Let me tell you a story I heard at the Westlake Rally for Social Security last Saturday; a story about paper-thin commitment to the struggle and politics as spectator sport.
It was still early in the afternoon. The rally had moved from opening music to speeches, and those promised to go on a while. We’d been there 20 minutes, and my daughters were getting restless.
“When is this going to be over?” One asked. “I’m bored,” said the other. A rally to celebrate 80 years of Social Security is only so exciting to 12-year-olds. So far, the outing had fallen short of the “witnessing of history” I’d promised.
We were about to wander away for a bit when Steve Lansing appeared.
Steve is a “retired” labor organizer who always manages to be everywhere at once, so I wasn’t surprised to see him.

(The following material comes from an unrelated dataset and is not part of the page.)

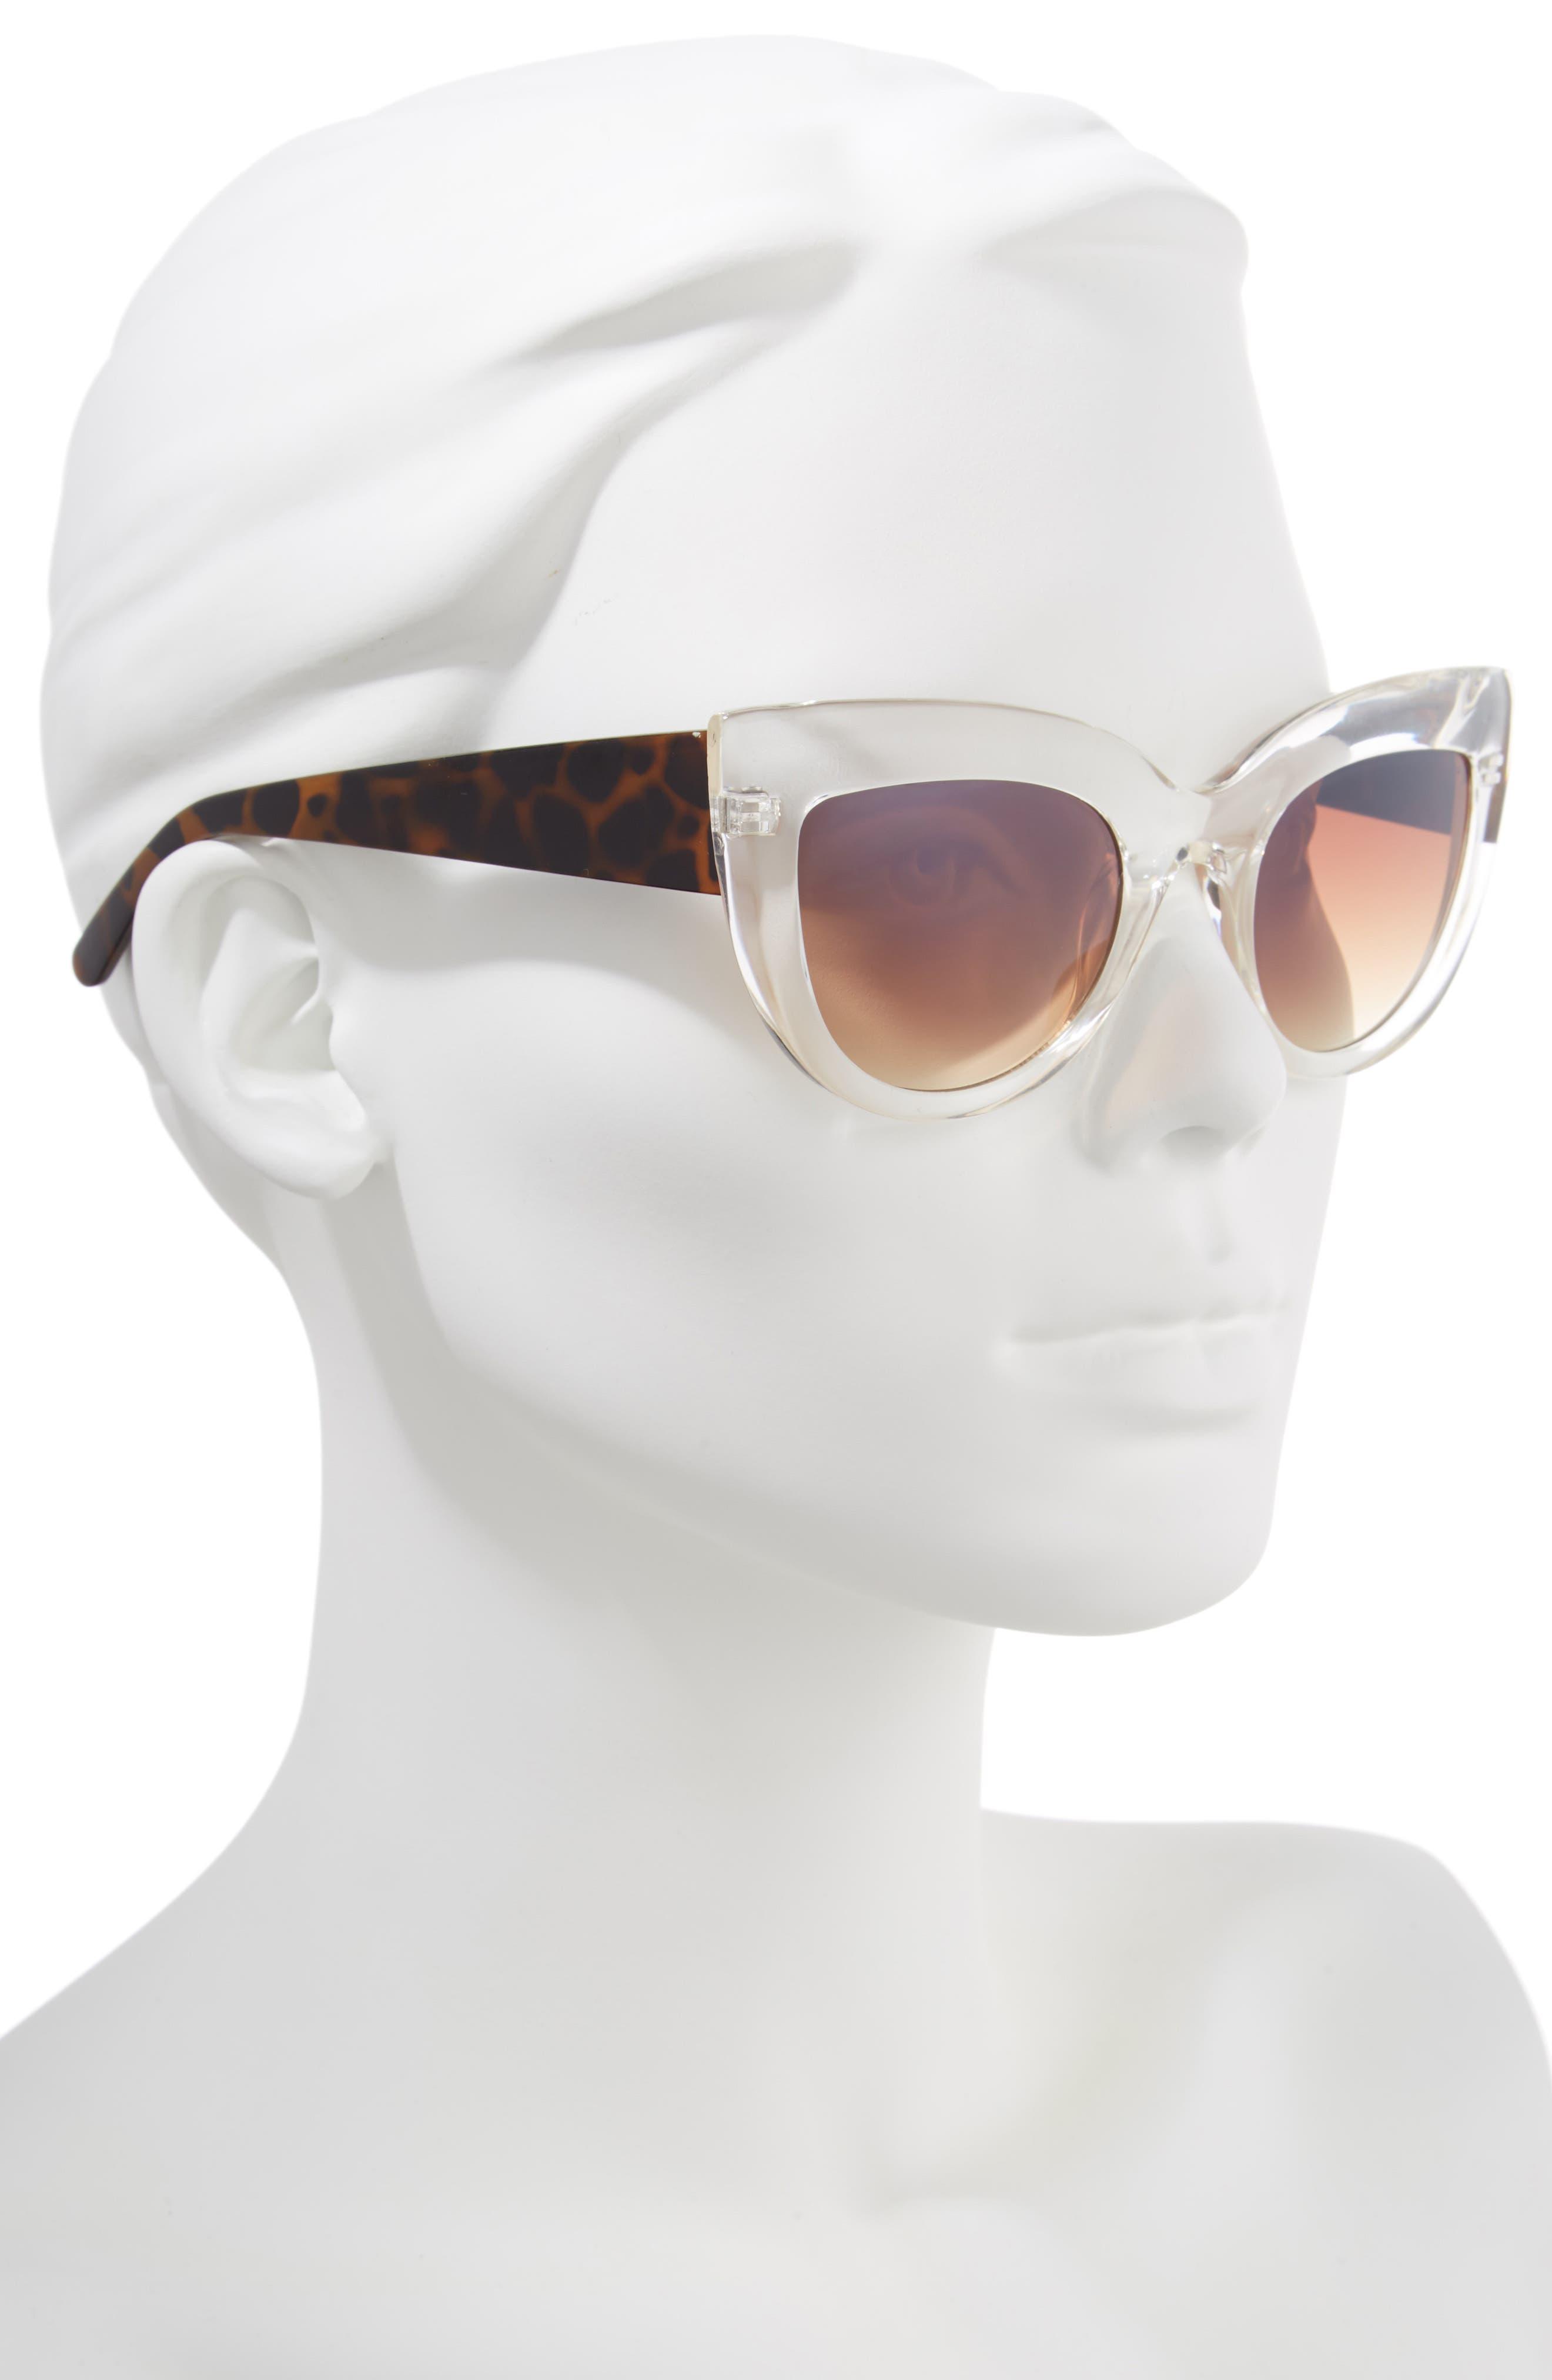 Translucent Cat Eye Sunglasses,                             Alternate thumbnail 2, color,                             Tort/ Clear
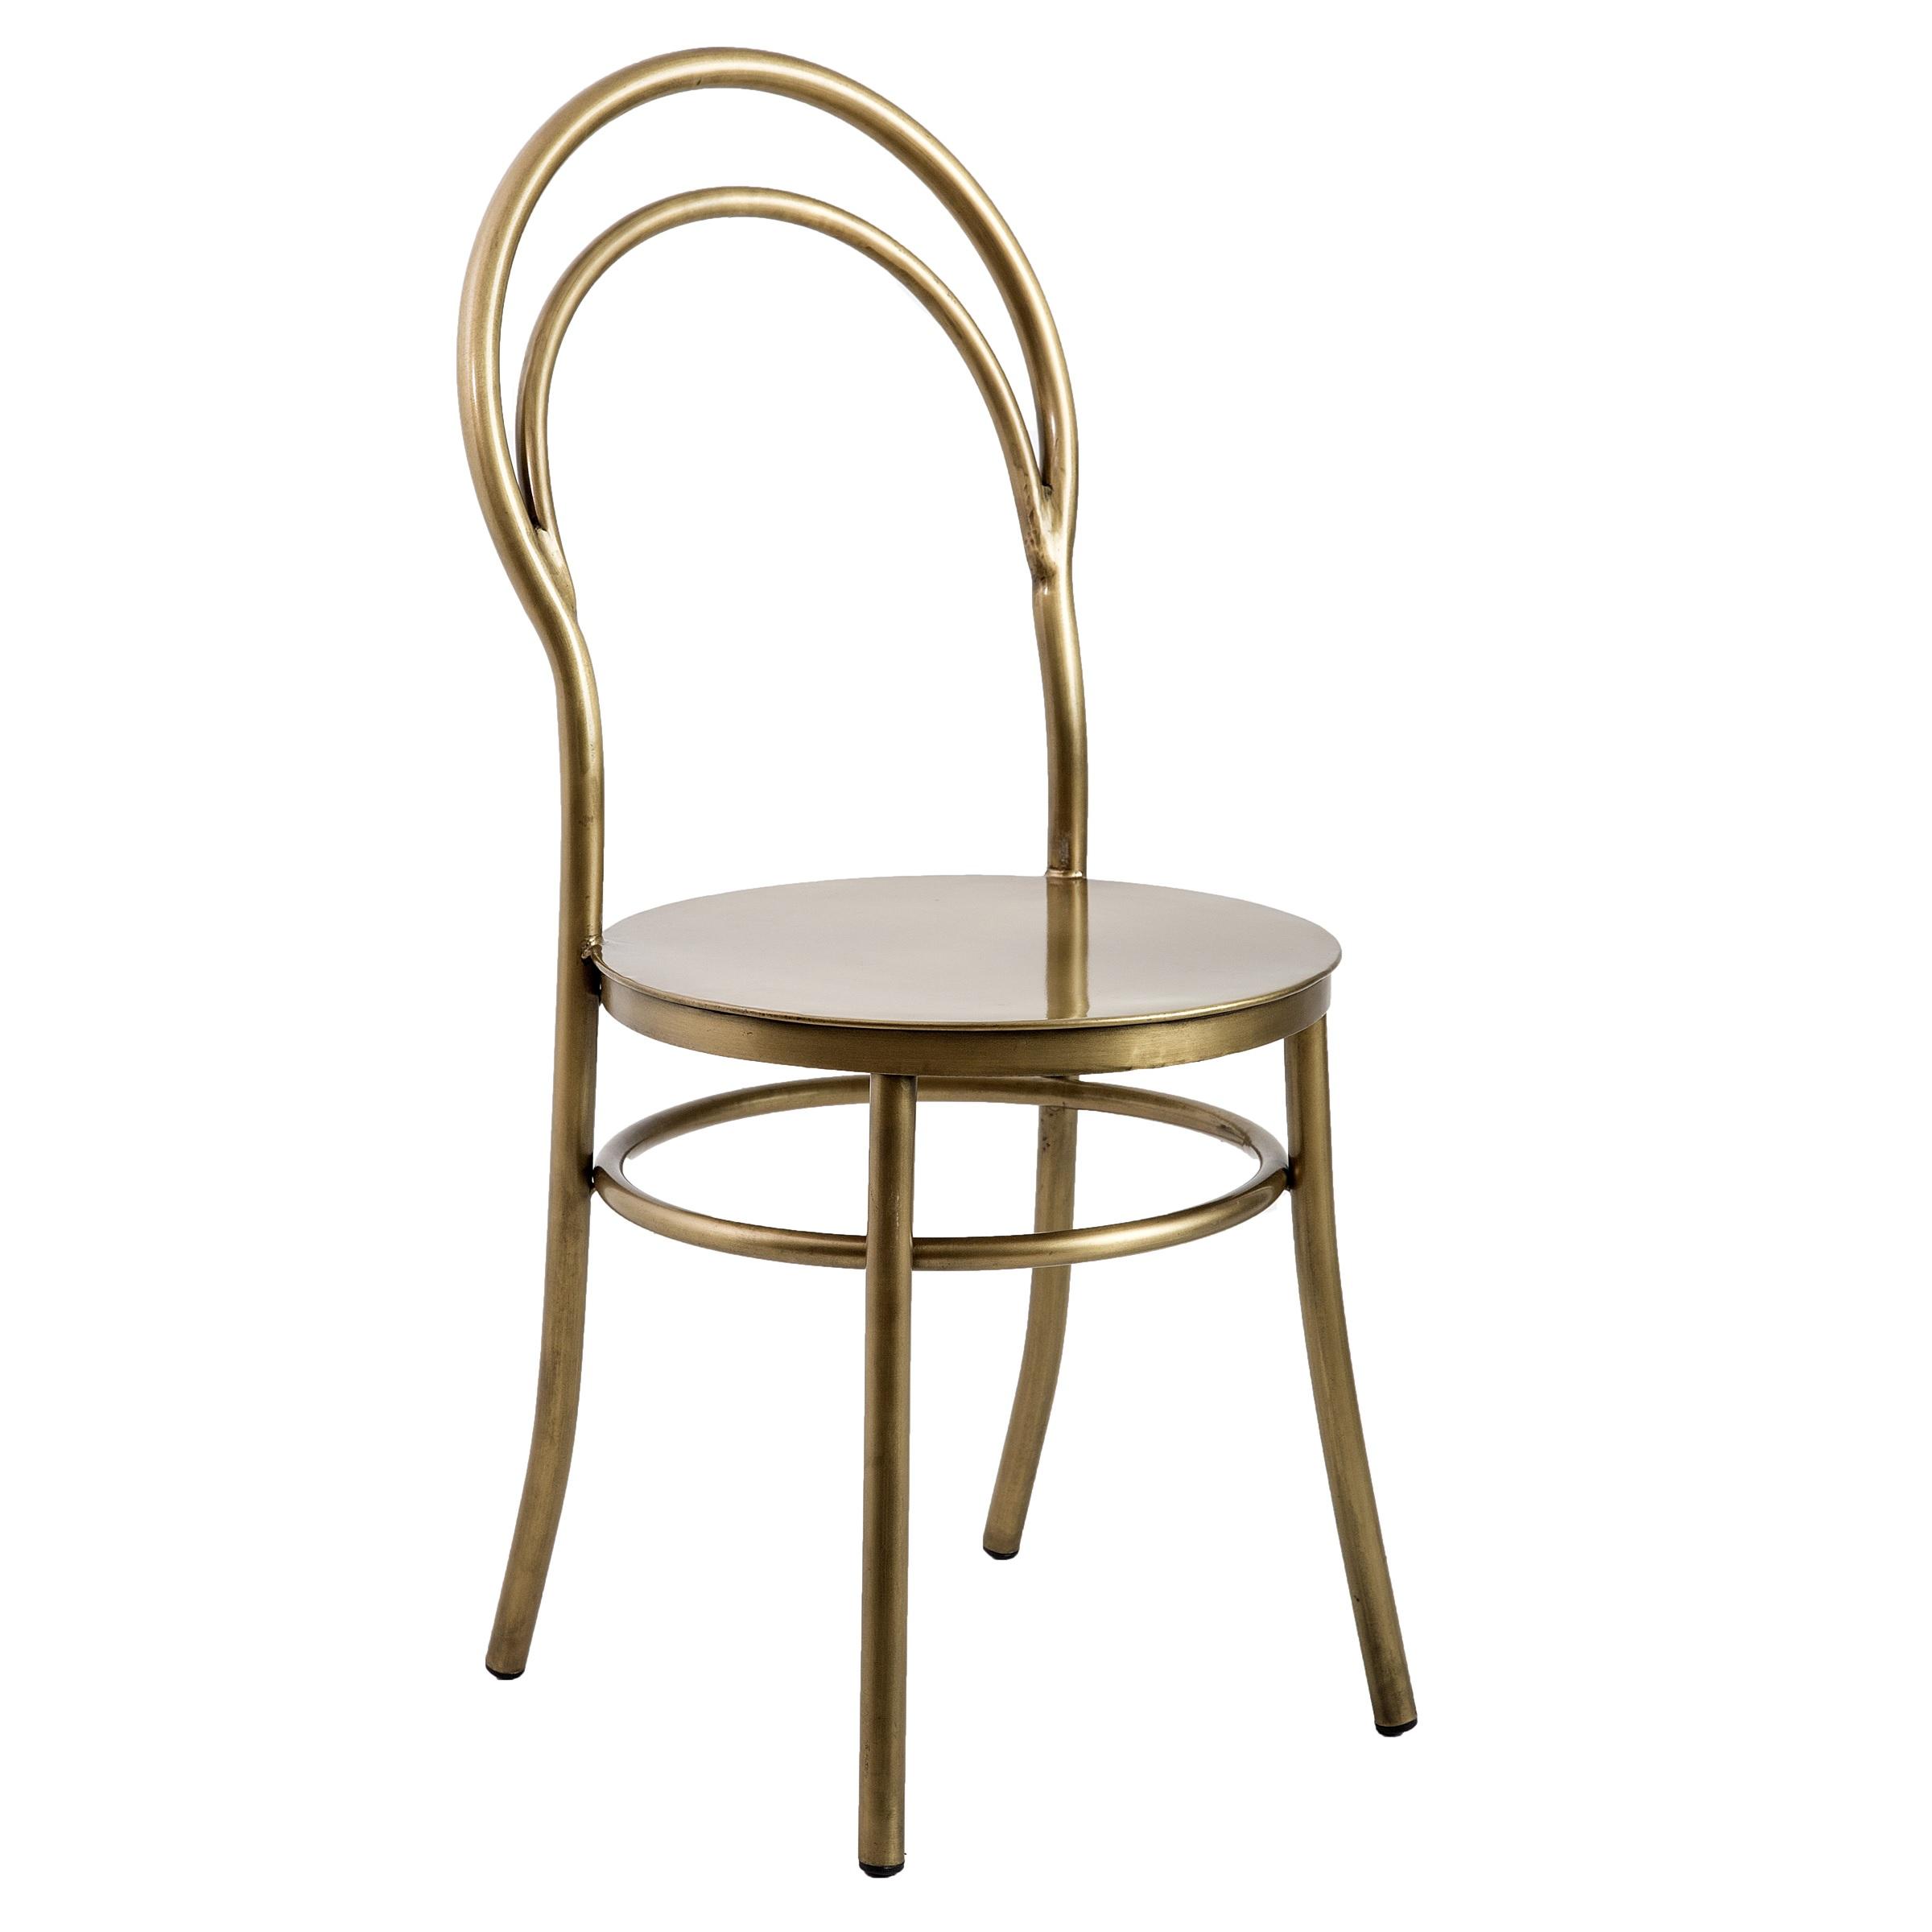 by thonet pin chairs anton lorenz pinterest armchairs brass chair

He told me about a conversation he had a bit earlier with a man who had no patience.
He was helping at the stage when this guy walked up demanding to know when Bernie Sanders would speak. Steve explained that after the music, there was at least an hour of other speakers coming first.
“I came here to hear Bernie Sanders,” the guy harrumphed. “Not some saxophone!”
Steve read this as a parable for our times. If this reflects our movement’s commitment to justice, we’re screwed. I thought about that as the girls and I headed off for lunch.
When we came back and settled in, the crowd was bigger and more focused on the speakers. And then, the moment we were waiting for became something different.
Senator Sanders, coming on more than an hour later than planned, got out his first sentence and was stopped by two women who took the stage in the name of #blacklivesmatter.
The next 16 minutes told us more than anything the senator from Vermont could have said about the state of America.
The protesters weren’t polite. They called the audience “white-supremacist liberals,” and said they were shutting the event down unless they heard some accountability. People got mad.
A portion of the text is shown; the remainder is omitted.